Step 5. Combine the annotations Combine the annotations into a single file that contains 5 columns (or 4 if you are a team of 2 people) (please make sure to include the column headers here):

  • tweet_ID - the unique ID of the tweet
  • annotator_1 - Stance labels from the first annotator (“first” is randomly selected amongst your group members)
  • annotator_2 - Stance labels from the second annotator
  • annotator_3 - Stance labels from the third annotator (if one exists)
  • final_annotation - The final agreed upon annotation (see Step 6 below)

Note: obviously, there will be blanks in this file where annotators did not see a particular tweet.

Step 6. Finalize annotations (fill in the final_annotation column) When the two annotators agree, fill this column in with the agreed upon label. When the two annotators disagree, a third team member should select amongst the two labels from the other team members for a final decision. If they disagree with both other annotators, then the team should discuss together. Alternatively, on teams of two, the two annotators should come to a consensus on the final label.

Step 7. Write your file out for submission Save a CSV of the completed annotation task and label it <YOUR_TEAM_NAME_LOWERCASED_SPACES_REPLACED>_annotations.csv.
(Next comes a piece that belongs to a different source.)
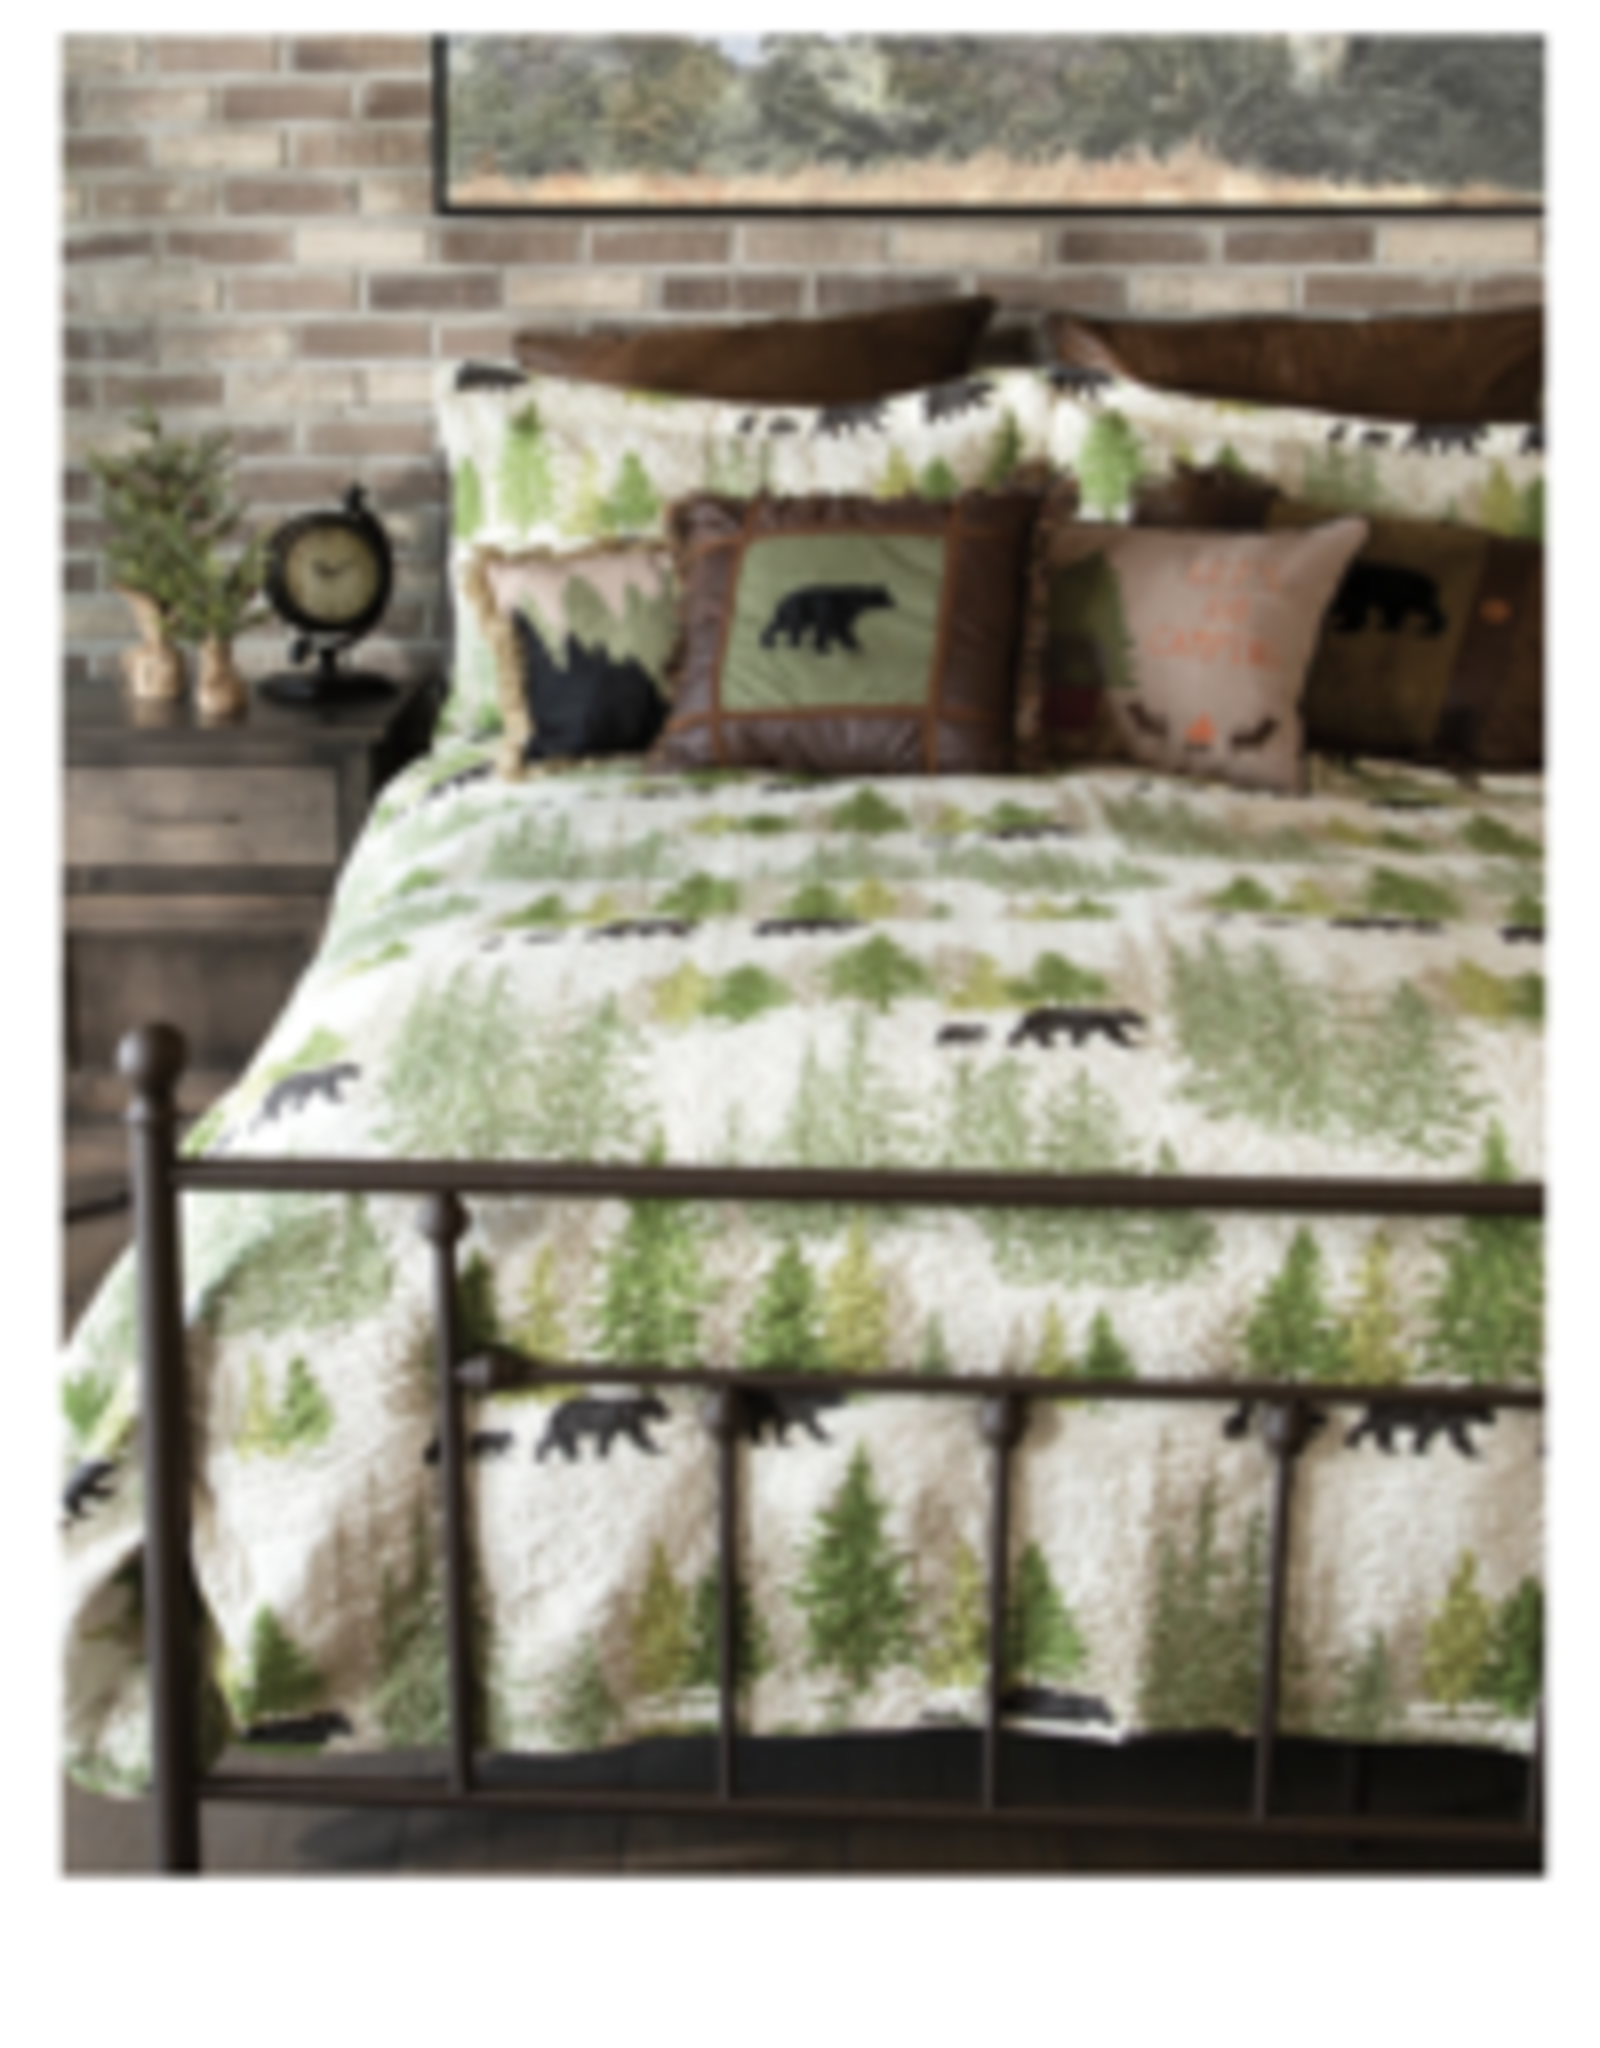 Carstens Pine Wilderness Quilt Bed Set - Twin
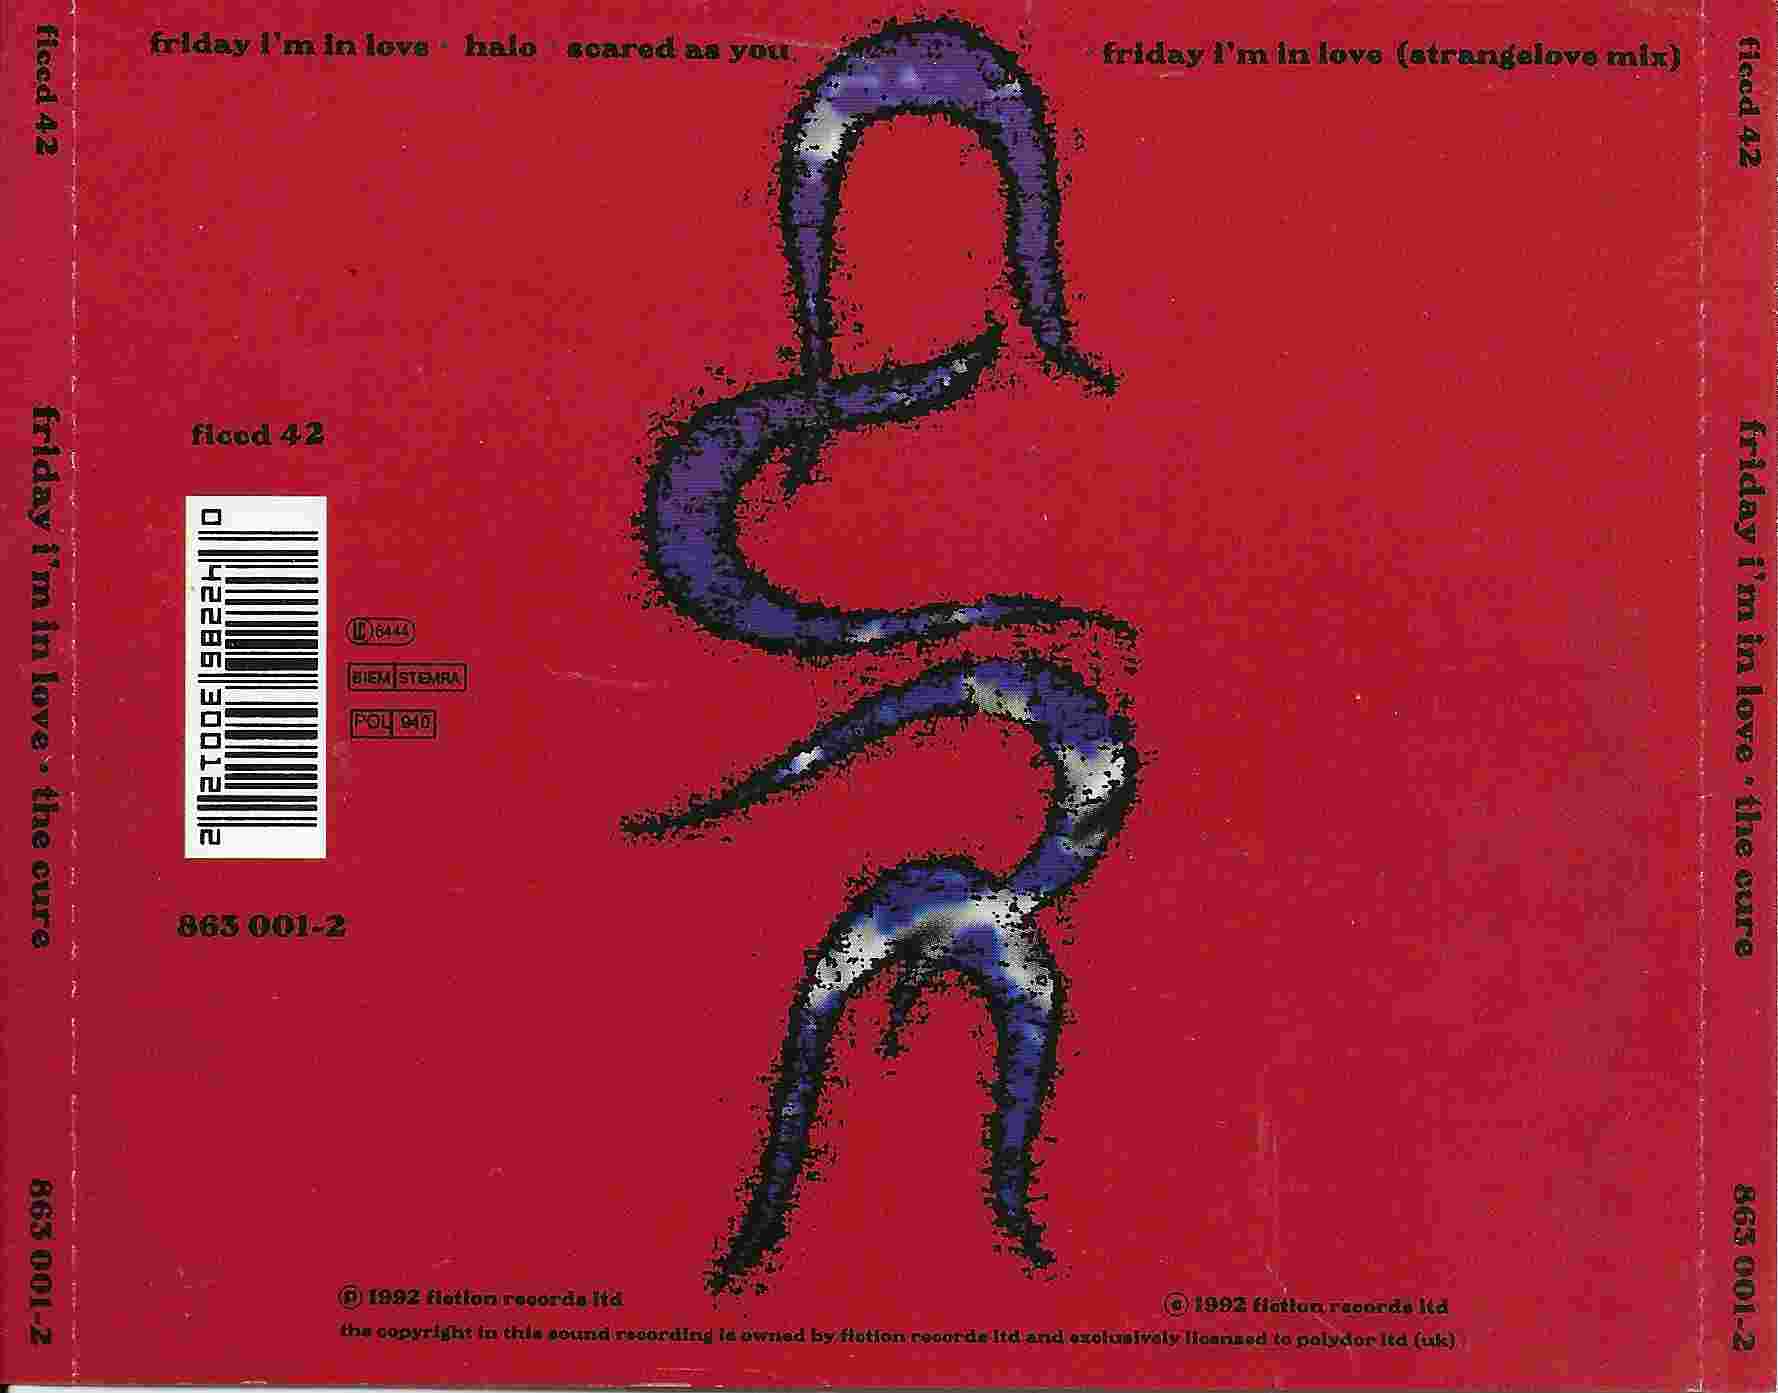 Back cover of FIC CD 42

We will grade this upon completion and both an automated and manual review of your annotations. This is worth 55 points on the assignment.

Part 2 - Calculating Agreement (20 points)

Write a script entitled calculate_agreement_<YOUR_TEAM_NAME_LOWERCASED_SPACES_REPLACED>.py that does the following:

  • Takes a filename in from the command line
  • Reads in the file, which will be in the format specified in Step 5
  • Calculates Krippendorf’s Alpha for nominal data, as discussed in class. Note: You should not use any pre-existing function for this, as I did in class, but the code for the class discussion should be helpful.
  • Calculates Percent agreement, as defined in class. Note: You should not use any pre-existing function for this, as I did in class, but the code for the class discussion should be helpful.
  • Prints these two numbers out to standard out in the format <KRIPPENDORFS_ALPHA_VALUE><TAB><PERCENT_AGREEMENT_VALUE>

Part 3 - Reflecting (20 points)

Please answer the following questions in your PDF (4 points each):

  • 2.1 - What was your overall percent agreement, and how did this compare to your estimate from 1.2.1? Why were these similar/different?
  • 2.2 - Was this annotation task harder or easier than you expected? Why, and what was the hardest part?
  • 2.3 - Does this change your perspective on how people talk about health-related content on social media? Why or why not?
  • 2.4 - What did you learn from this annotation task that will change your perceptions of how NLP models are trained moving forward?
  • 2.5 - How do you think your team’s agreement (say, in terms of Krippendorf’s Alpha) will compare to the other teams? Why do you think so?